ZFS scrub rates, speeds, and how fast is fast

September 11, 2015

Here is a deceptively simple question: how do you know if your ZFS pool is scrubbing fast (or slow)? In fact, what does the speed of a scrub even mean?

The speed of a scrub is reported in the OmniOS 'zpool status' as:

  scan: scrub in progress since Thu Sep 10 22:48:31 2015
    3.30G scanned out of 60.1G at 33.8M/s, 0h28m to go
    0 repaired, 5.49% done

This is reporting the scrub's progress through what 'zpool list' reports as ALLOC space. For mirrored vdevs, this is the amount of space used before mirroring overhead; for raidz vdevs, this is the total amount of disk space used including the parity blocks. The reported rate is the total cumulative rate, ie it is simply the amount scanned divided by the time the scrub has taken so far. If you want the current scan rate, you need to look at the difference in the amount scanned between two 'zpool status' commands over some time interval (10 seconds makes for easy math, if the pool is scanning fast enough to change the 'scanned' figure).

This means that the scan rate means different things and has different maximum speeds on mirrored vdevs and on raidz vdevs. On mirrored vdevs, the scan speed is the logical scan speed; in the best case of entirely sequential IO it will top out at the sequential read speed of a single drive.

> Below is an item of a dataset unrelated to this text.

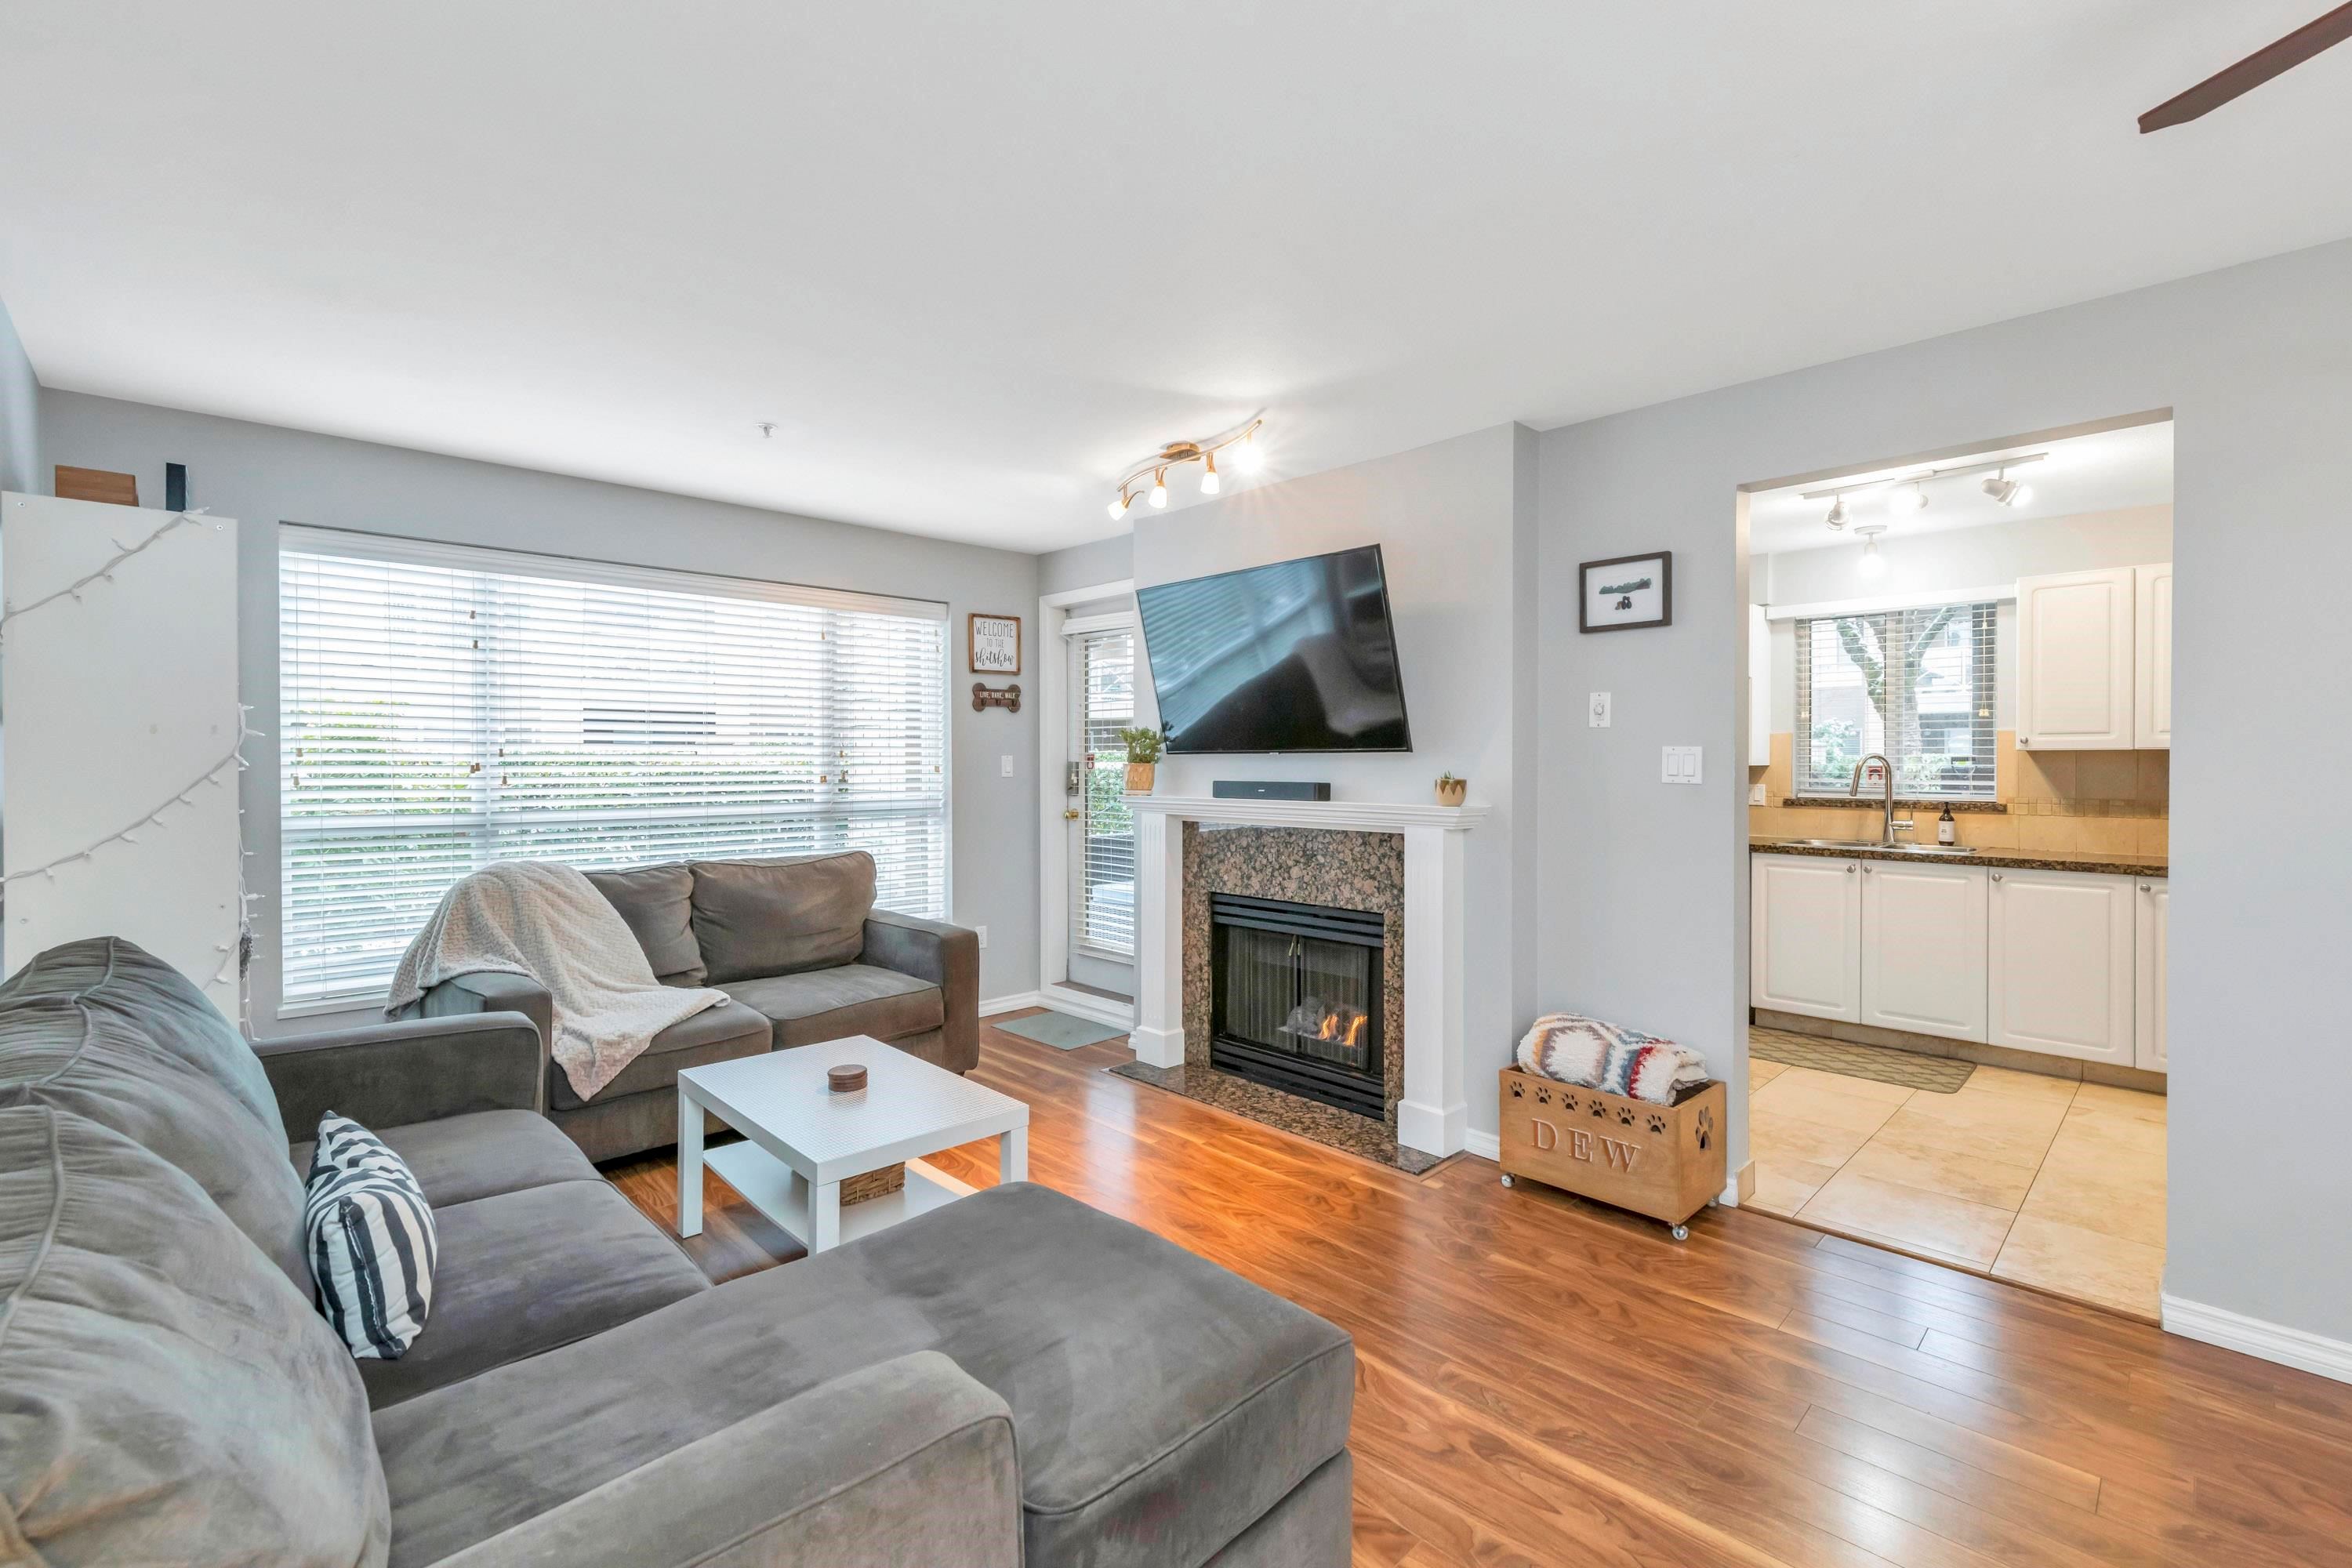 New property listed in Central Pt Coquitlam, Port Coquitlam

The extra IO to read from all of the mirrors at once is handled below this level, so if you watch a mirrored vdev that is scrubbing at X MB/sec you'll see that all N of the drives are each going away at more or less X MB/sec. On raidz vdevs, the scan speed is the total physical scan speed of all the vdev's drives added together. If the vdev has N drives each of which can read at X MB/sec, the best case is a scan rate of N*X. If you watch a raidz vdev that is scrubbing at X MB/sec, each drive should be doing roughly X/N MB/sec of reads (at least for full-width raidz stripes).

(All of this assumes that the scrub is the only thing going on in the pool. Any other IO adds to the read rates you'll see on the disks themselves. An additional complication is that scrubs normally attempt to prefetch things like the data blocks for directories; this IO is not accounted for in the scrub rate but it will be visible if you're watching the raw disks.)

In a multi-vdev pool, it's possible (but not certain) for a scrub to be reading from multiple vdevs at once. If it is, the reported scrub rate will be the sum of the (reported) rates that the scrub can achieve on each vdev. I'm not going to try to hold forth on the conditions when this is likely, because it depends on a lot of things as far as I can tell from the kernel code. I think it's more likely when you have single objects (files, directories, etc) whose blocks are spread across multiple vdevs.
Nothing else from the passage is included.